Chi è, Wurman? Il curriculum dice laurea in Architettura nel 1959, più di 80 pubblicazioni e migliaia di incontri dalla sua America al resto del mondo. Per tutti, basta una sigla: «Ted». Come Techonology, entertainment and design, il super meeting sull'innovazione che ha ideato 28 anni fa tra Stati Uniti e Canada. O come Ted.com, il contenitore online di conferenze in 20 lingue che ha incassato, standi ai numeri del 2012, più di un miliardo di visualizzazioni. Sul palco di Ted, versione conferenza , si sono accodati premi Nobel, inquilini della Casa Bianca e nuove leve dell'imprenditoria. Meno di 20 minuti a testa per ogni esposizione, senza corsie preferenziali per chi si registra alle anagrafe con cognomi come Clinton o Gates. Ma che cosa significa «information architecture»? Sulla carta, organizzazione e comunicazione dei contenuti con la maggior chiarezza possibile. «E' come dovrebbe fare un buon giornalista - spiega Wurman - rendere comprensibile quello che non si capisce. E, possibilmente, sviluppare il cuore del problema. Io non faccio discorsi. Ma conversazioni, chiacchierate. Un "chatting" continuo con chi ho di fronte».

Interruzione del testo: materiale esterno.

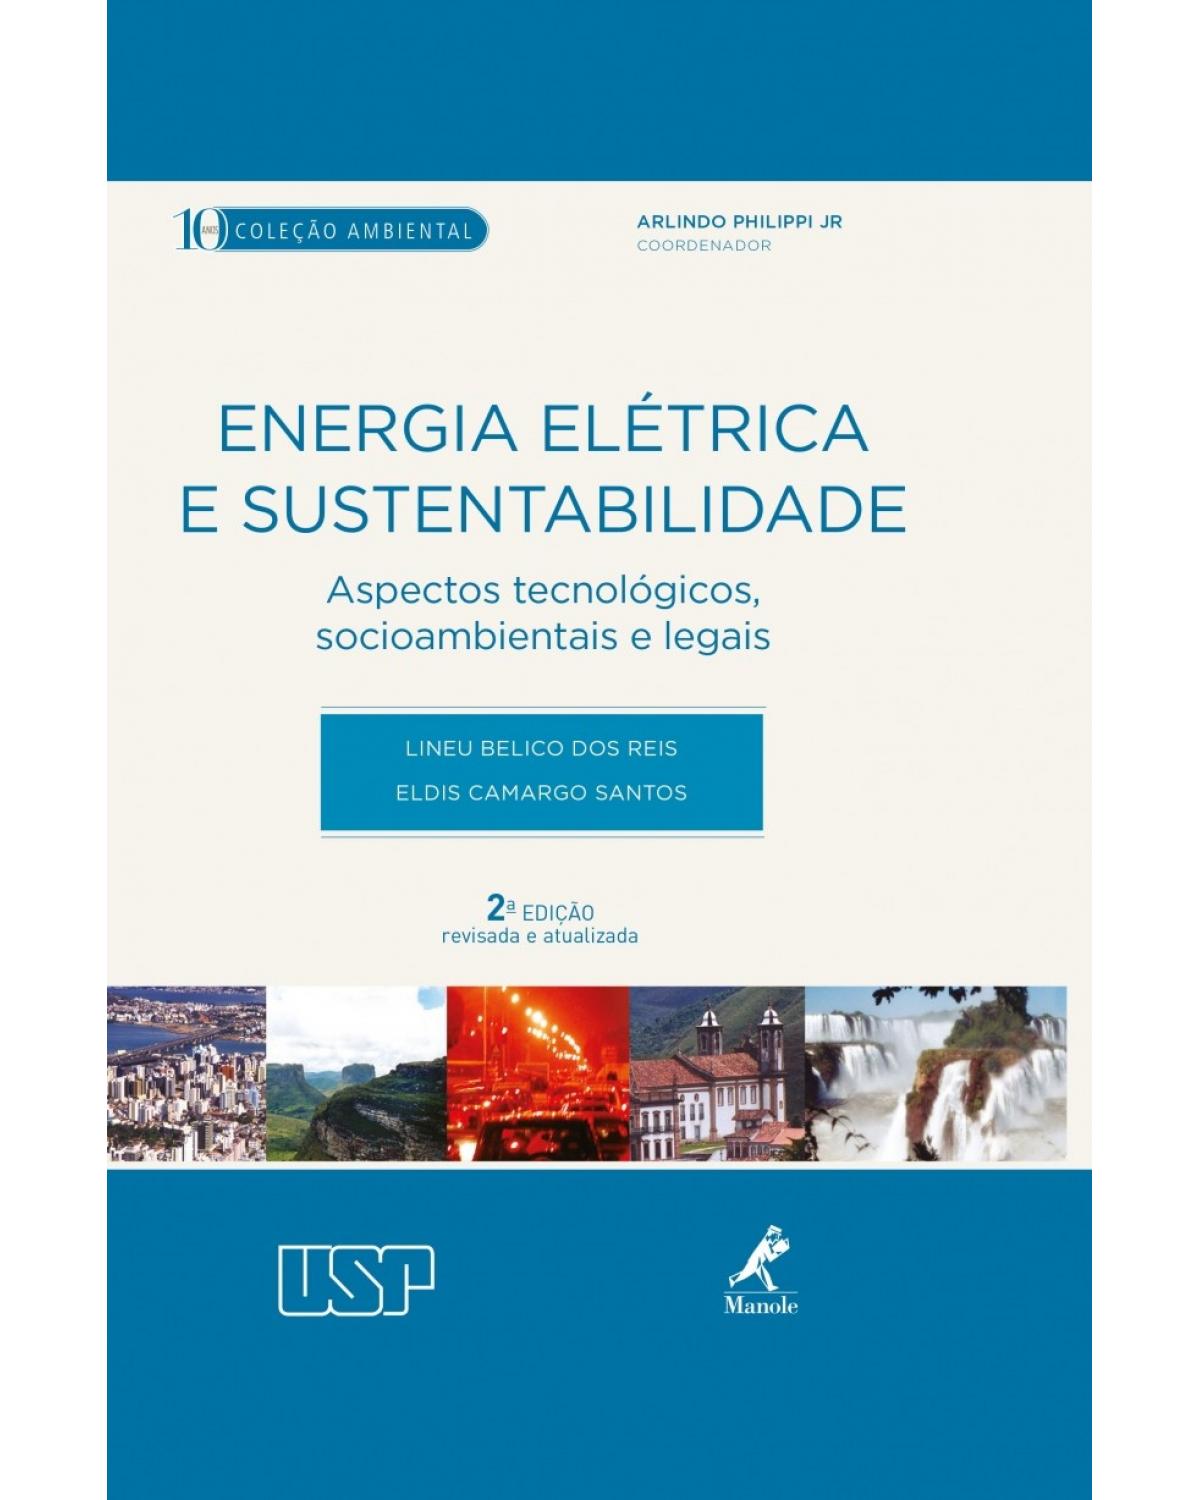 Energia elétrica e sustentabilidade - aspectos tecnológicos, socioambientais e legais - 2ª Edição | 2014

Internet e privacy: no ai divieti, basta conoscenza
Conversazioni. Come le chat che intrappolano il pubblico minorenne nei fenomeni di sexting e stalking digitale. O gli ammassi di intercettazioni che incrinano i tavoli diplomatici tra Obama e i 35 leader spiati dall'intelligence degli Stati Uniti. La rete è sul banco degli imputati per la violazione della privacy. E monta la polemica sulla scelta di Facebook di rendere visibili bacheche, link e foto degli utenti under 17 . «Solo un esempio - replica Wurman - Supponiamo che io abbia per le mani un pezzo di marmo e un martello. Posso dirti: ehi, può essere un pericoloso! Vero. Ma se li dai a Michelangelo, può scolpirti la Pietà. C'è sempre qualche danno, non c'è niente di perfetto nella società, nelle invenzioni, nei rapporti… Come lo fermi? Vietandolo? . Non è vietando o stringendo i limiti che elimini un problema. Il proibizionismo crea solo criminalità. Serve educazione. Non "ban" che rimandano il problema».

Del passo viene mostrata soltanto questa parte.